There’s an axis of evaluation here with three points: a language could model an effect in a way which is totally unchecked at compile time: both dynamically typed and dynamically scoped. Unchecked exceptions (including panics) are an example of this; so is blocking IO. And a language could model the effect in the type system, but with a dynamic scope. Checked exceptions and effect handlers are both examples of this. And a language could model the effect in a way which is both statically typed and lexically scoped. This is what Rust does for these effects with both Result and async/await.

(You may notice that there’s a fourth spot in the design space not covered here: dynamically typed and lexically scoped. An example in this category would be the async/await feature in dynamically typed languages like Python and JavaScript; you must annotate asynchronous calls with await to get their result, but if you fail to do so it is not a compile-time error.)

                                          │   EXCEPTIONS          │   IO
──────────────────────────────────────────┼───────────────────────┼───────────────
                                          │                       │
  DYNAMICALLY TYPED & DYNAMICALLY SCOPED  │   panicking           │   blocking
                                          │                       │
   STATICALLY TYPED & DYNAMICALLY SCOPED  │   checked exceptions  │   IO effect
                                          │                       │
     STATICALLY TYPED & LEXICALLY SCOPED  │   Result              │   async/await
                                          │                       │

These are not the only language features that can be used to model effects, and other features also fall into one of these buckets. For example, monads are also statically typed and lexically scoped. However, a major objection to monads is that they model effects in a specifically layered way, so that for example there is a distinction between an IO<Result<T, E>> and a Result<IO<T>, E>. Coroutines on the other hand are order-independent: all coroutine that yield Pending and Exception have the same type, there is no distinction of order. The same is true of effect handlers.

This has appeared in Rust for example with the debate about the design of async iterators. Designs based on async fn next introduce an arbitrary ordering by introducing multiple coroutines, whereas designed based on a single coroutine do not make a distinction; the coroutine just yields items as well as Pending.
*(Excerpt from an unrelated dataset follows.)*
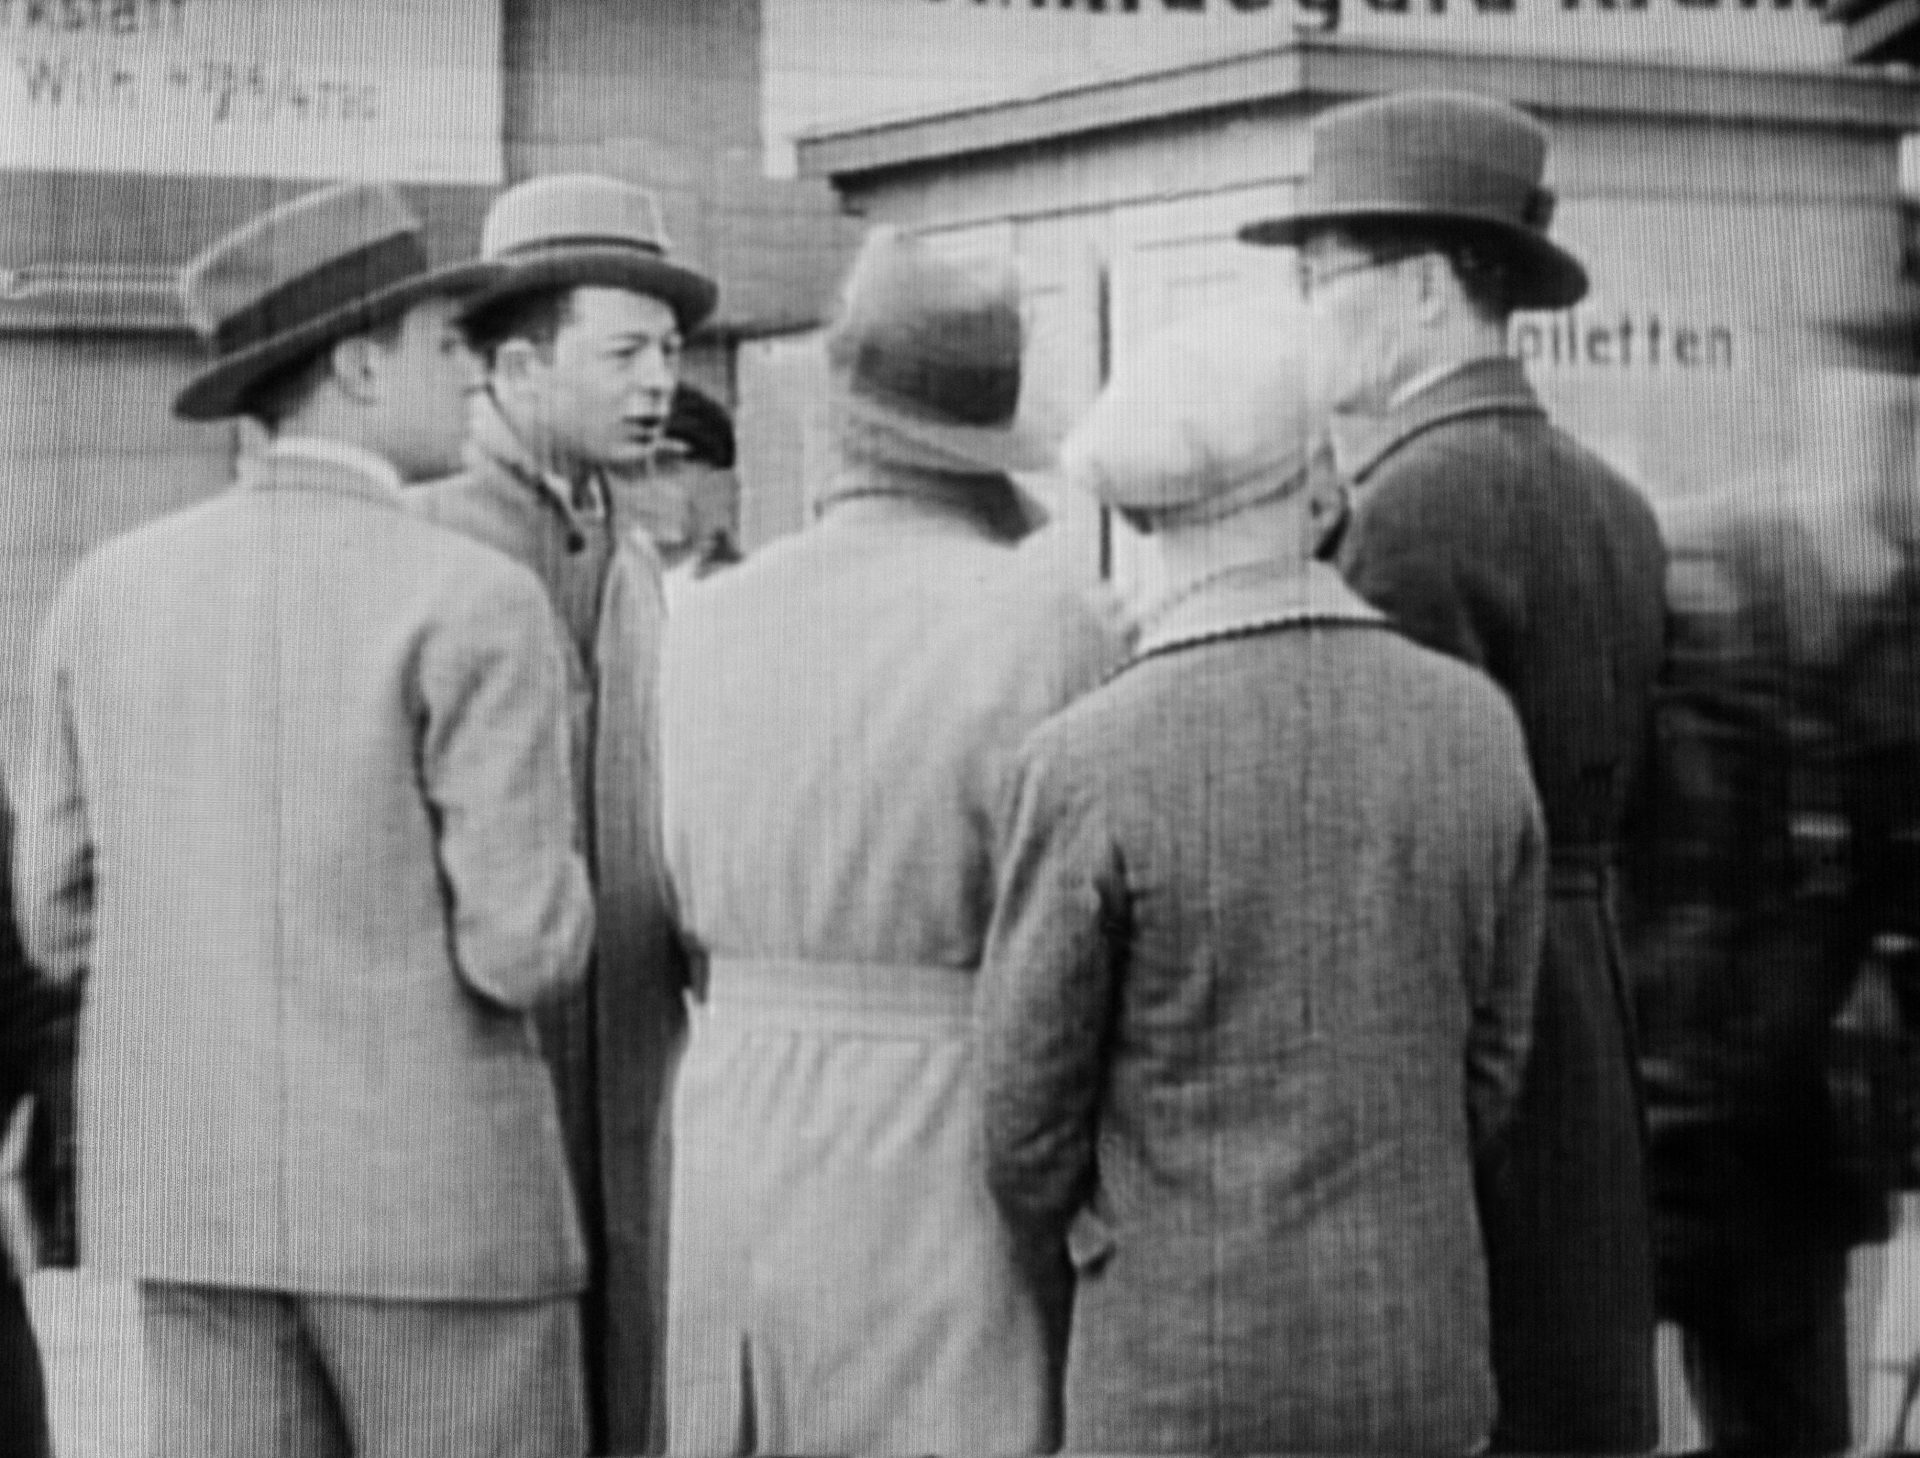 Billy Wilder appears in a cameo, second from left, in Der Teufelsreporter - The Daredevil Reporter - his first credited screenplay, from 1929. Photo: Filmarchiv Austria

This was the crux of Russell Johnston’s argument in the post I linked earlier: this unlayered property is shared by coroutines and effect handlers, and is an advantage of these features.

On the other hand, by modeling errors with Result instead of some sort of coroutine, Rust does introduce an ordering. This is mostly fine because of the fact that a function which “throws an exception” (by evaluating to an Err) is not supposed to be resumed, though it introduces some quirks where for example there’s no way to distinguish between an iterator of Results (which may continue after one is an Err) and an iterator which throws an error (which will not continue). If instead a generator could “yield an exception,” it would be a different type from a generator that yields a sequence of Results. But I don’t find this inadequacy to come up in practice that often, so I’m content to leave it as theoretical work for a future language to solve.

Overall, coroutines strike me as the most promising way to handle many kinds of effectful functions because they seem to be in the design sweet spot: They are statically typed, lexically scoped, and unlayered. This is why my starting point for handling effects in any language would be a coroutine feature (though if the language were not under Rust’s constraints, I would prefer if it were a stackful coroutine feature so they could be recursive).